Par Nicole Racine
Né le 22 juillet 1878 à Nancy (Meurthe-et-Moselle), mort le 26 septembre 1956 à Saint-Amour (Jura) ; historien, fondateur en 1929 avec Marc Bloch des Annales d’histoire économique et sociale (qui prirent le nom en 1939-1941 d’Annales d’histoire sociale, en 1942-1944 de Mélanges d’histoire sociale et en 1946 d’Annales. Économies, Sociétés, Civilisations), professeur à l’Université de Strasbourg (1919-1933), professeur au Collège de France à partir de 1933 (Chaire d’Histoire de la civilisation moderne), président du Comité de l’Encyclopédie française (1935-1939) dont le projet avait été lancé en 1932 par Anatole de Monzie, président de la Section des Sciences économiques et sociales (6e section) de l’École pratique des hautes études (1948).
Membre du « Comité de Vigilance des intellectuels antifascistes » (CVIA) fondé en mars 1934 ; de l’« Union des intellectuels français » (UDIF).
Lucien Fèvre était fils de Paul René Ferdinand Febvre, agrégé de grammaire, d’ascendance jurassienne, et de Edmondine Marie Élise Arnaud. Marié avec Suzanne Dognon, agrégée de l’Université, il fut père de trois enfants.
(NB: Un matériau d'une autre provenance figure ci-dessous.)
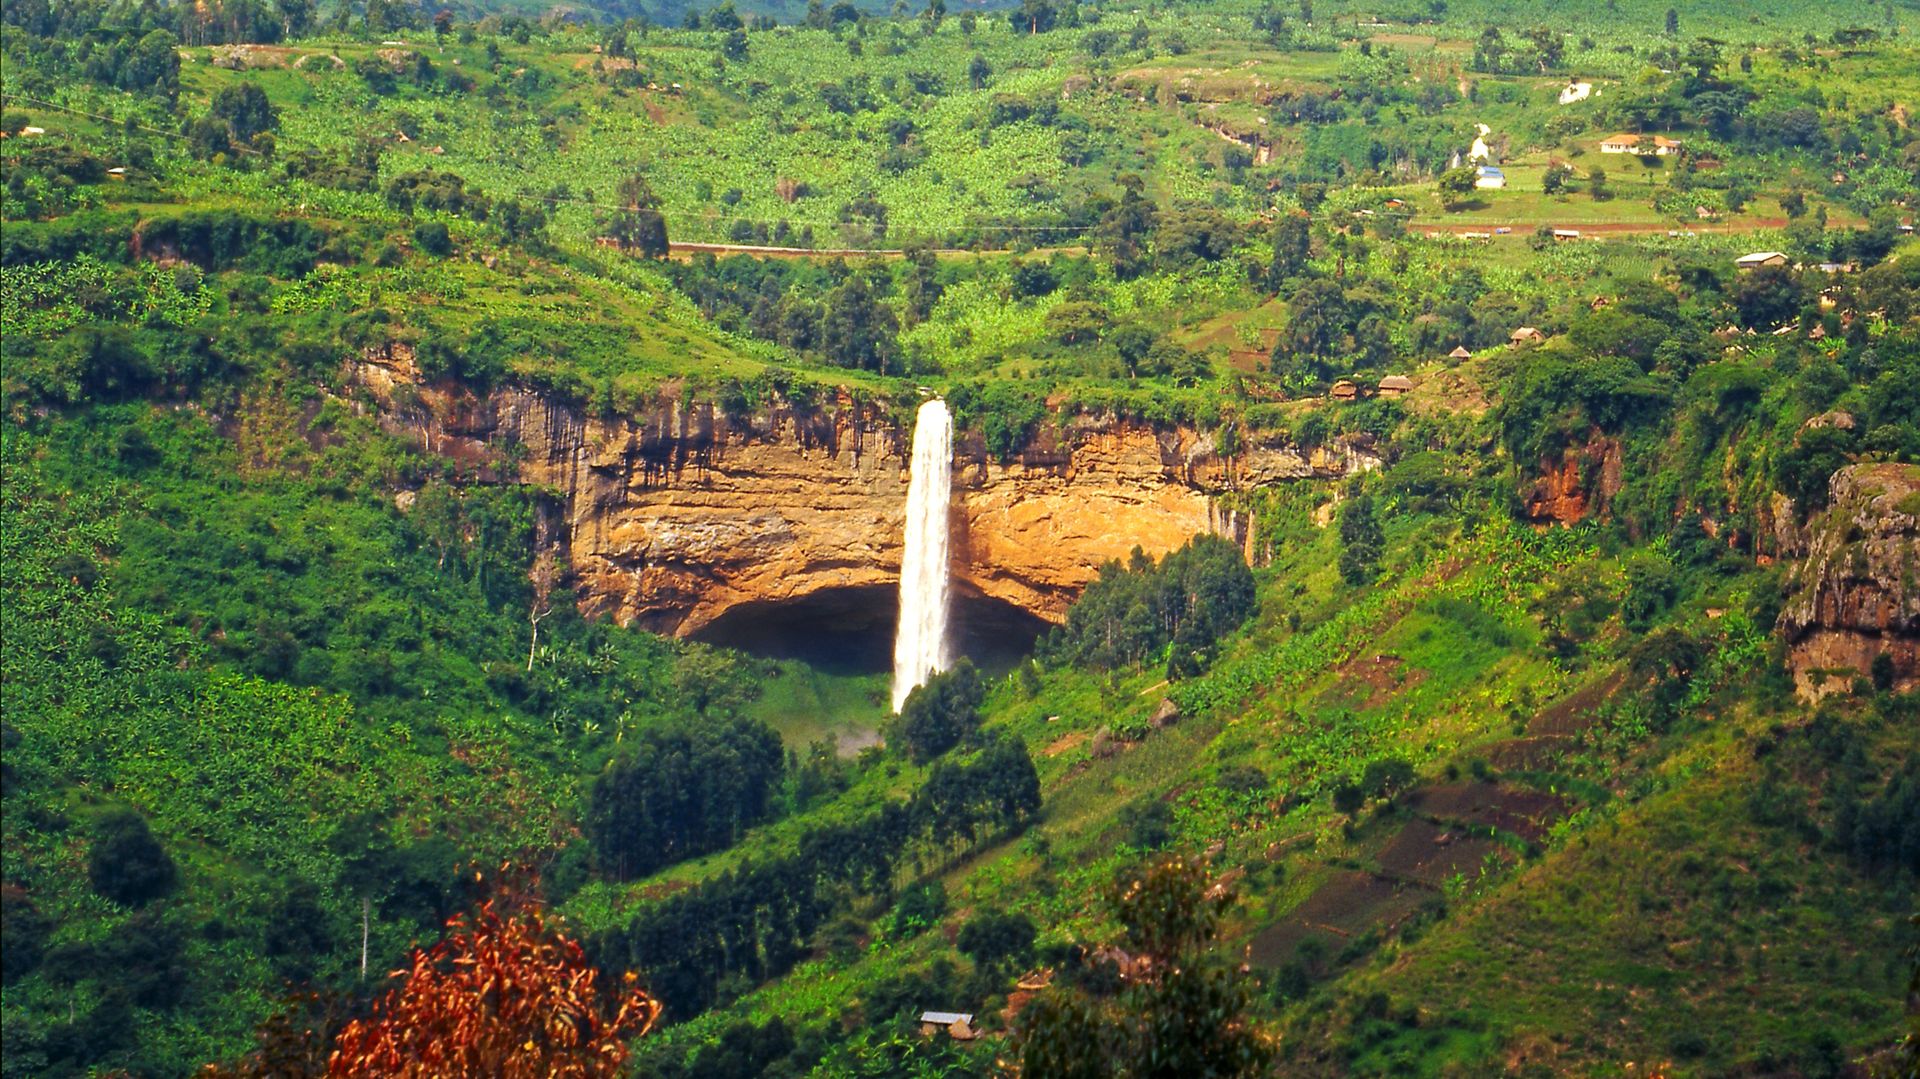 Sipi Falls Uganda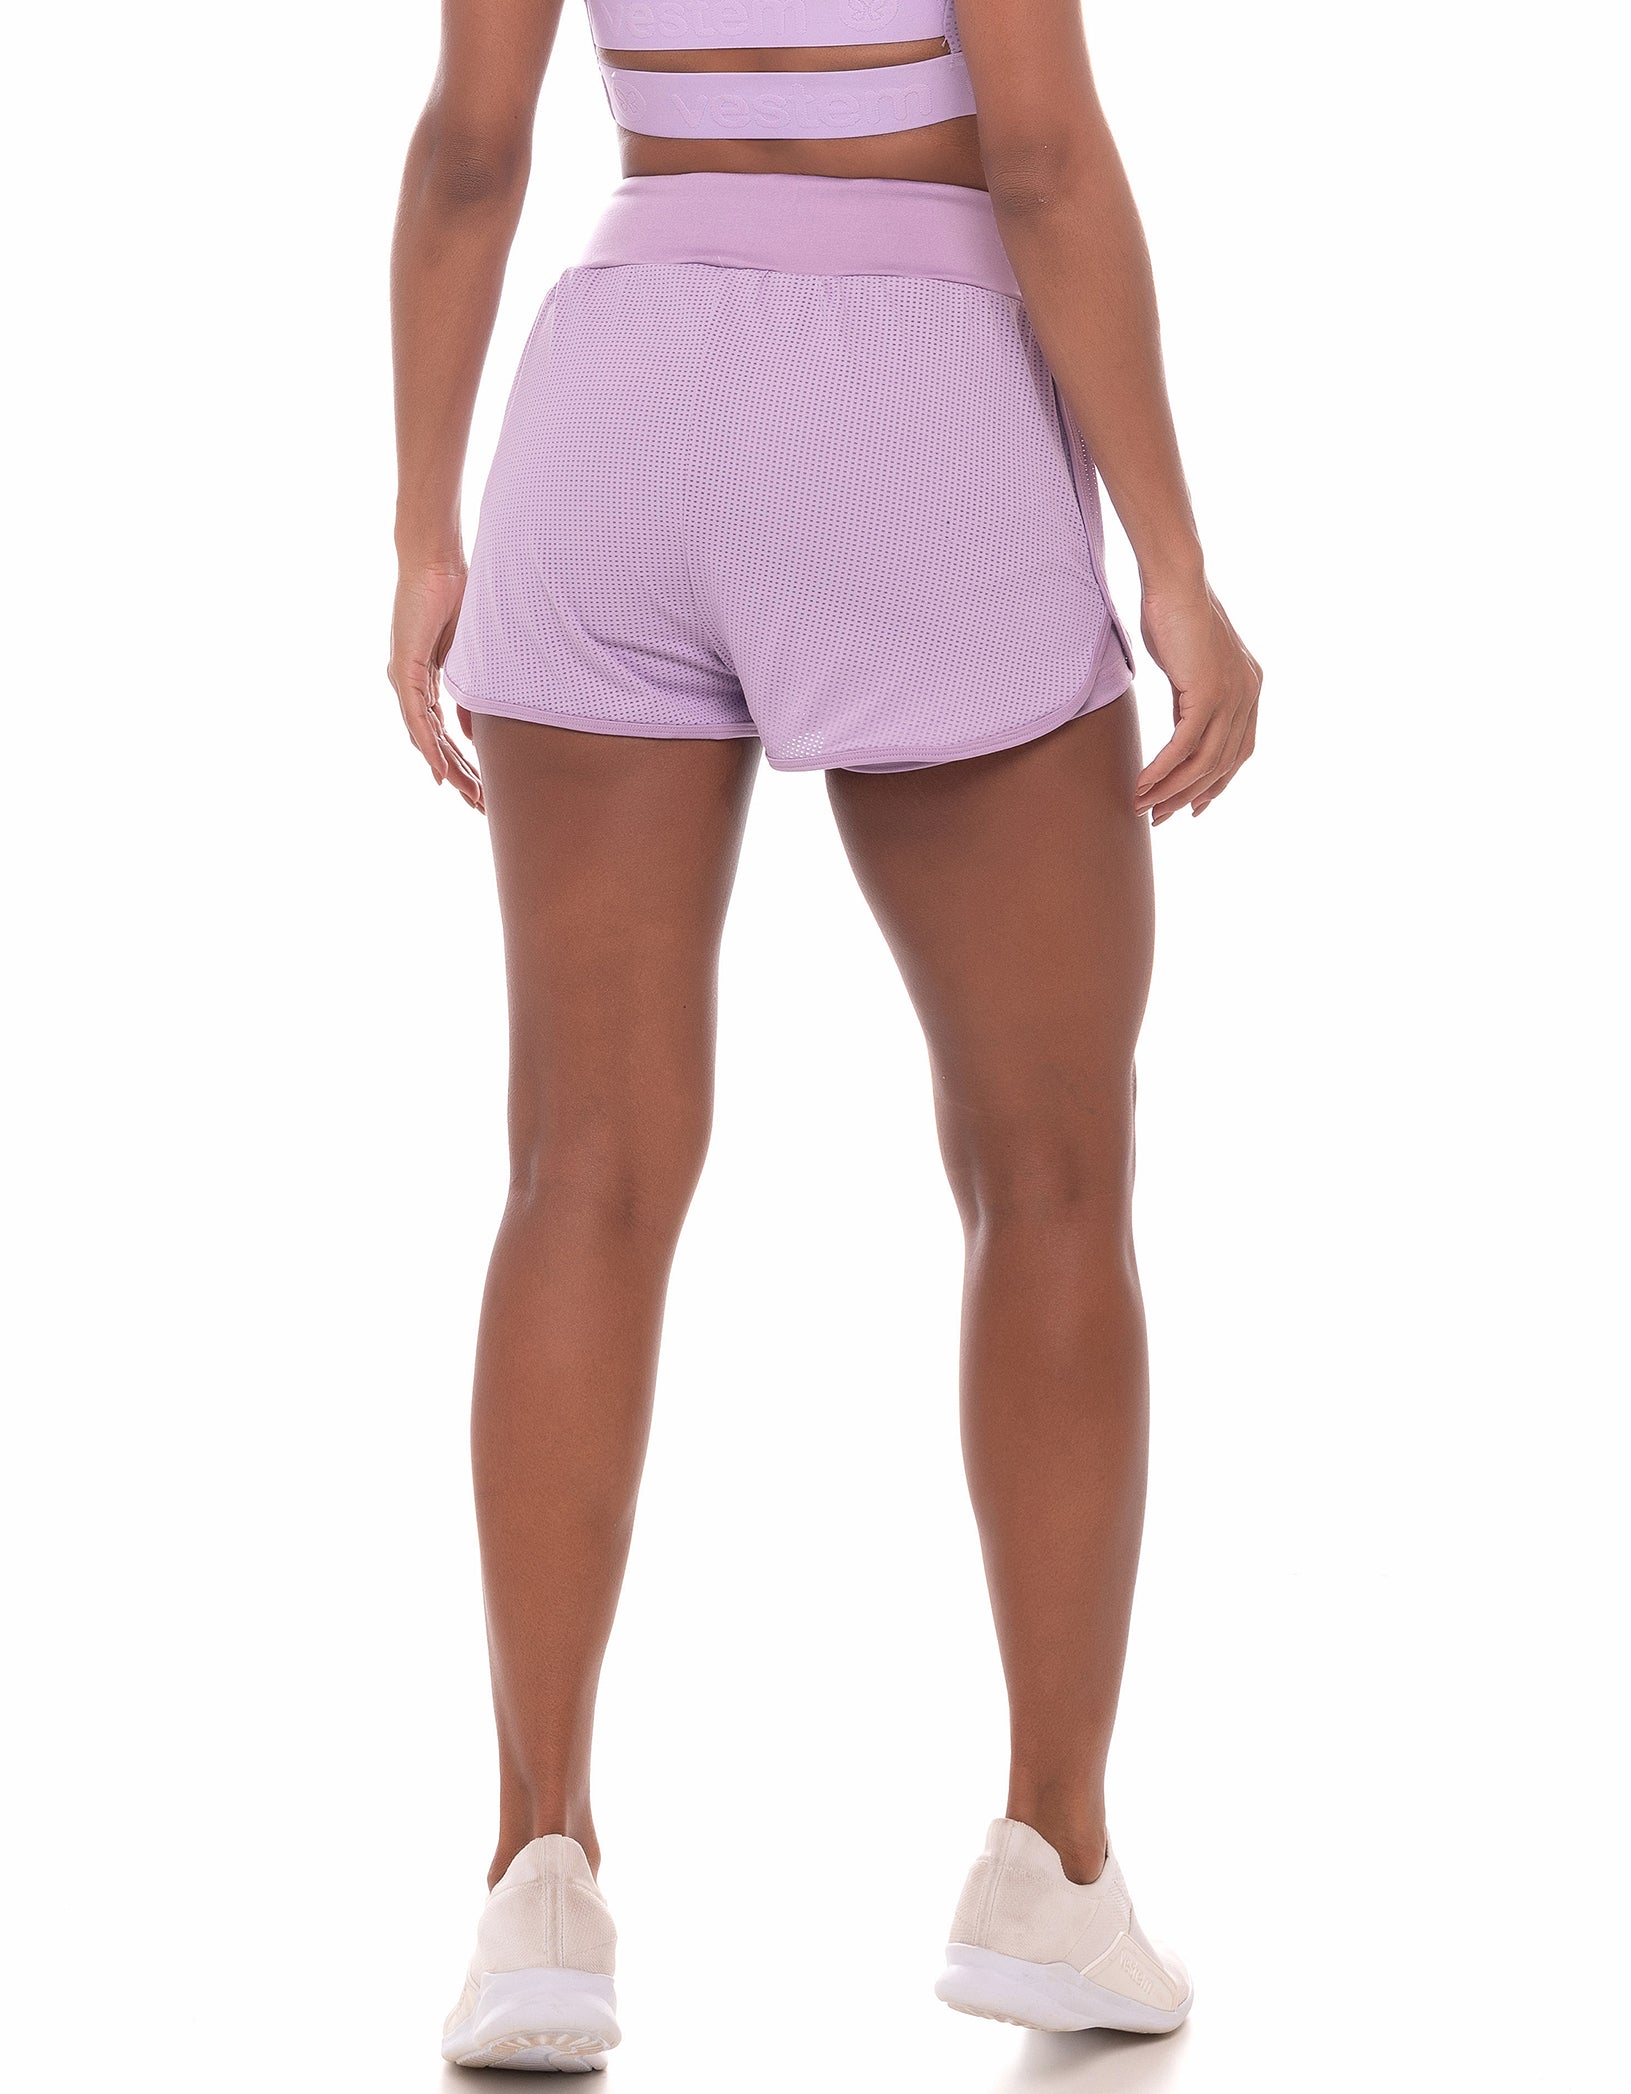 Vestem - Leblon Lilac Purple Shorts - SH452C0023

Dans l’Avant-propos de Combats pour l’histoire, recueil d’articles publiés peu avant sa mort, Lucien Febvre dit avoir choisi ce titre pour rappeler « ce qu’il y eut toujours de militant » dans sa vie ; mais il précisait « Mes combats, certes non : je ne me suis jamais battu ni pour moi ni contre tel ou tel, pris en tant que personne. Combats pour l’histoire, oui. C’est bien pour elle que, toute ma vie, j’ai lutté ». Ainsi donc si le fondateur des « Annales » ne prit pas part à la politique active (comme l’avait fait son camarade de promotion à l’École normale supérieure Albert Thomas), ses sympathies le portaient à gauche. Dans Combats pour l’histoire, il cite parmi les maîtres qui l’ont formé entre sa quinzième et vingt-cinquième année, à côté d’Élisée Reclus, de Burckhardt, de Courajod, de Stendhal, le Jaurès de l’Histoire socialiste. Un de ses premiers articles en 1909, dans la Revue de Synthèse historique d’Henri Berr, portait sur « Proudhon et le syndicalisme contemporain » (repris dans Combats pour l’histoire).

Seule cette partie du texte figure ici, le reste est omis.